I coined the phrase/ slogan/ tagline/ hashtag (whatever you want to call it) Run Like The Wind Bullseye years and years ago… when I first began my feeble attempt at running. At that time we had a little one in the house that was obsessed with Toy Story, and somehow or other I just started using it in my few and far between social media running related posts.

That brief background being said, fast forward a few years, and I have found myself still attempting to run, and still using #runlikethewindbullseye in my social media posts.

Random tiny story to insert here as well… One of my fondest memories of this phrase was the cold Sunday I was lined up, and corralled in (literally) in downtown DesMoines, IA with thousands and thousands of other runners all standing shoulder to shoulder for blocks upon blocks (yes, most definitely pre-covid!) and a few minutes before the gun would shoot and start the race, I got a text message from my mom with the words – Run like the wind bullseye! It’s one of those things that almost made me cry and will just always be one of those exact memory moments in my mind.
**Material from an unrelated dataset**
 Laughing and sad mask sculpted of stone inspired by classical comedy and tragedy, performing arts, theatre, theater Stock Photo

I’ve done a few large in person races in the past. I don’t consider myself an actual runner if I’m honest, and I am one that gets claustrophobic in large groups of people. But there is something about the energy, the thrill, the adenine rush of a live in person race that I did absolutely love…. As time went on and my age got older, my time got slower, and I started running more with friends that did not geographically live near me – I began to also fall in love with virtual races. And the cool thing about virtual races, was that I started to let myself just get creative with them. When I did them, how I trained for them, the distance I did for them, the race day outfits I wore for them, and the swag I earned for them. And then covid swept the world and left any kind of public group running venue shut down until further notice.
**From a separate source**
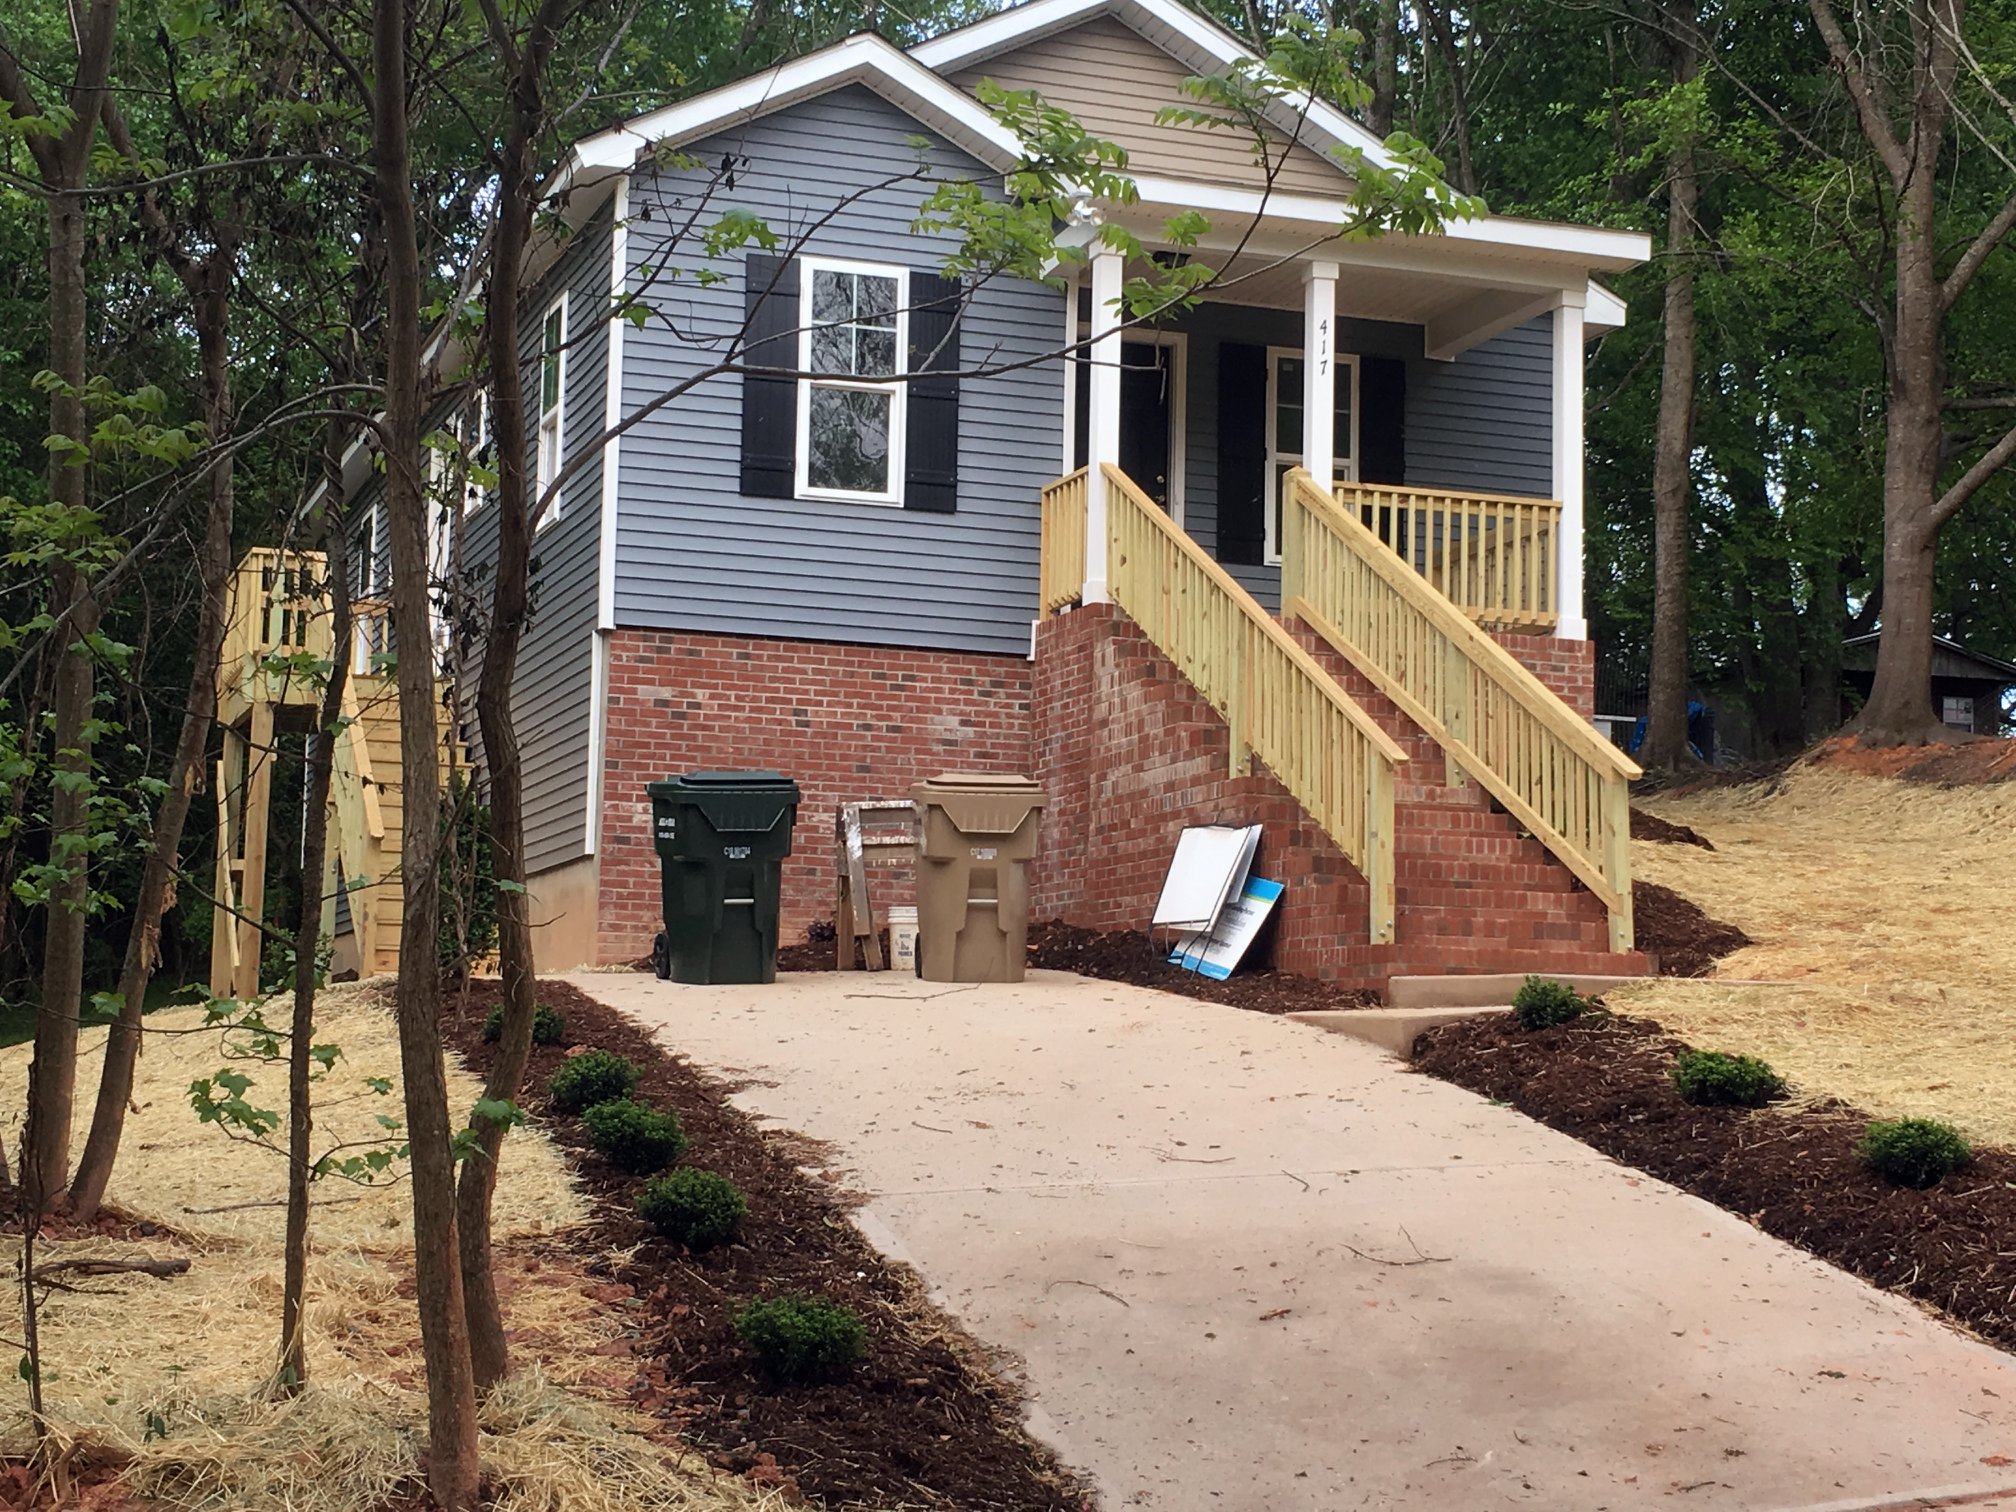 Habitat For Humanity Service Project House Completed March 2018

So while the world all went inside their homes by themselves, I kinda just kept on keep’n on with my running and my training and my little virtual race ventures in my little home gym I’d been slowly building over the years. (Nope, I am not one for public working out! But, you will find me nearly every morning by myself downstairs getting it done, or attempting to get it done anyway.)

I usually don’t do anything small scale. I usually have to try figure out how to kick it all up a few notches, a few extra miles, a few extra goals, a few extra of everything. And I love love love the creative hunt of putting them all together. The theme, the race details, the training details, the outfits, the mugs, the medals, the race bibs…
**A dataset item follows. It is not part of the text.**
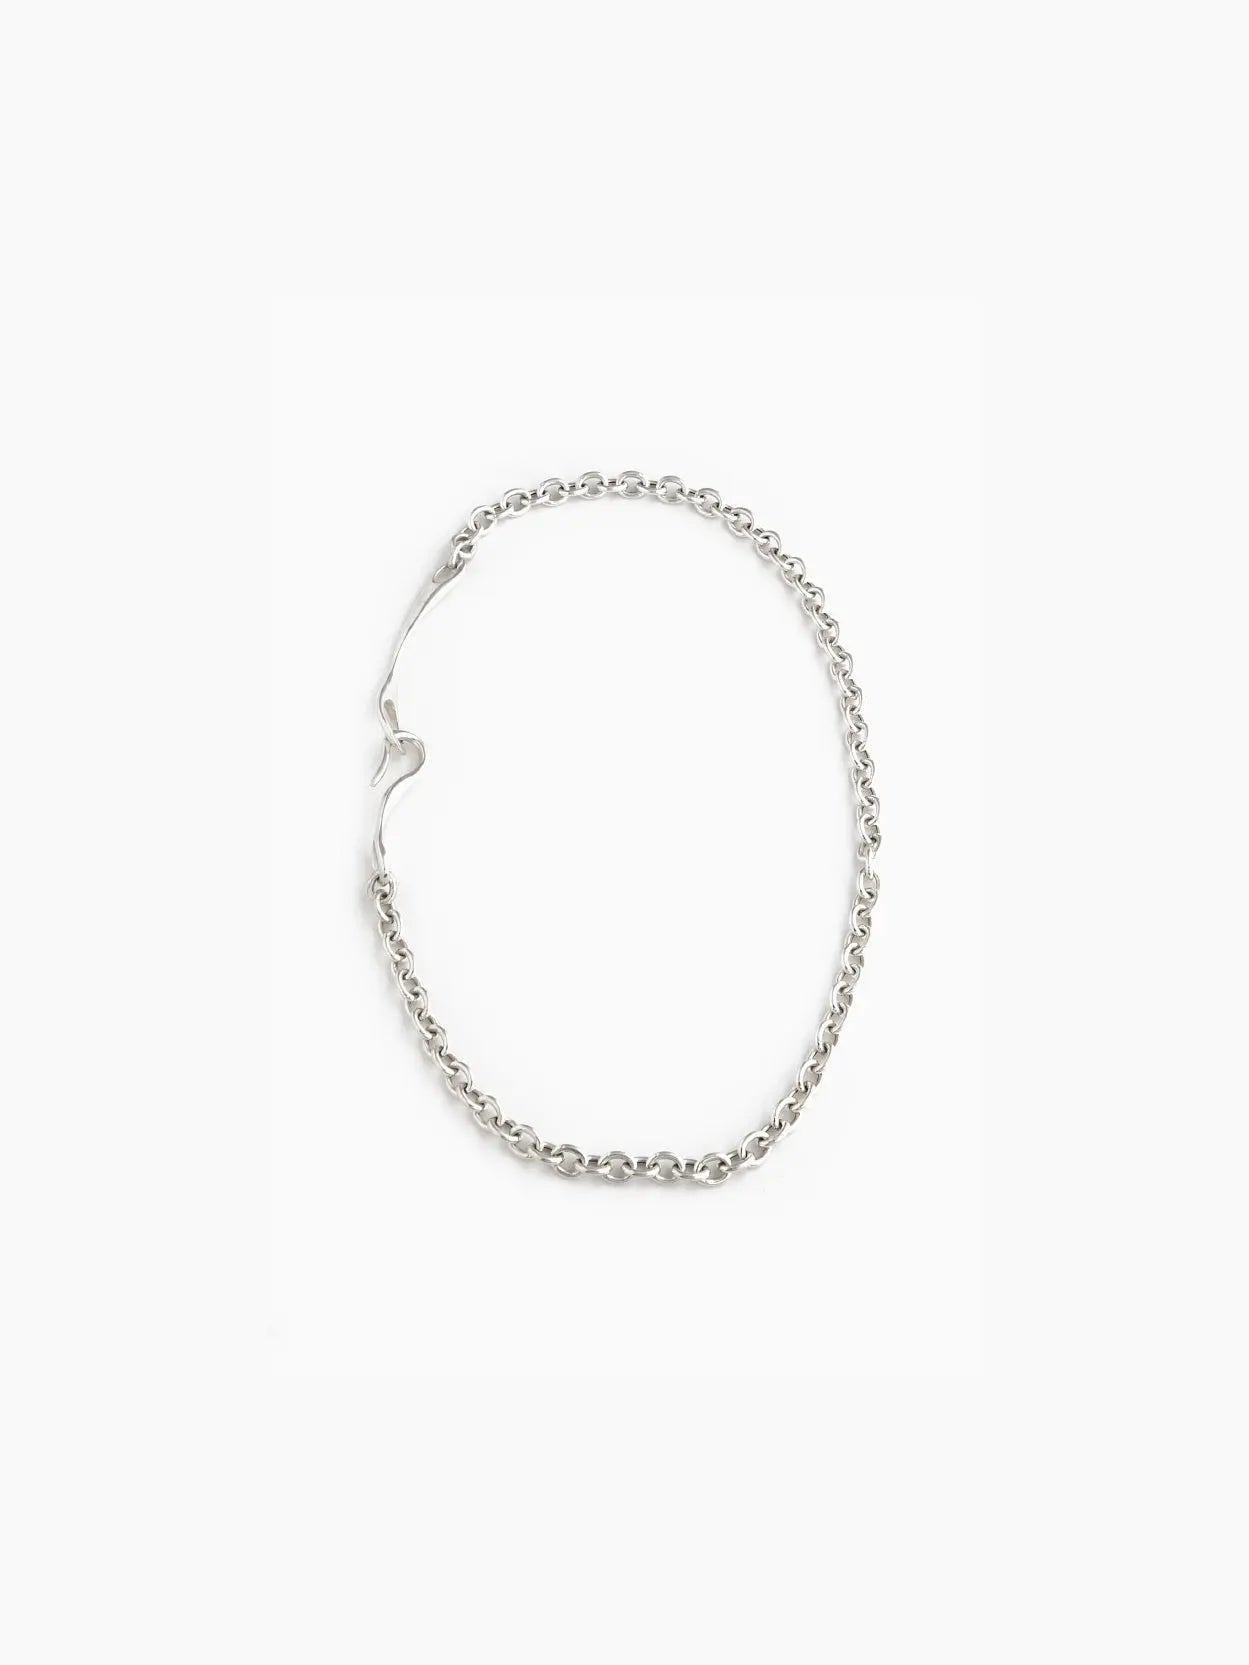 A Maia Necklace from Nathalie Schreckenberg, featuring a linked chain design with a small heart-shaped clasp, laid out in an oval shape on a white background.

I’ve put together quite a few pretty amazing challenges, though I haven’t posted about all of them. Below are just a few I found, if you’re interested
Unexpected Blessings - Stay Strong
Road to 46 Grit 300 Challenge
Endurance Outside the Box (While Inside the House)
Do It Scared
Not Quite As Planned

So this year I suffered a pretty major back injury, and a continued pandemic, and a son’s wedding, and a parents 50th anniversary and a whole lot of other biggish things that bundled all together that started to take it’s toll on me. Not all things were “bad” by any means – just all things leaving me a bit “weary” let’s say.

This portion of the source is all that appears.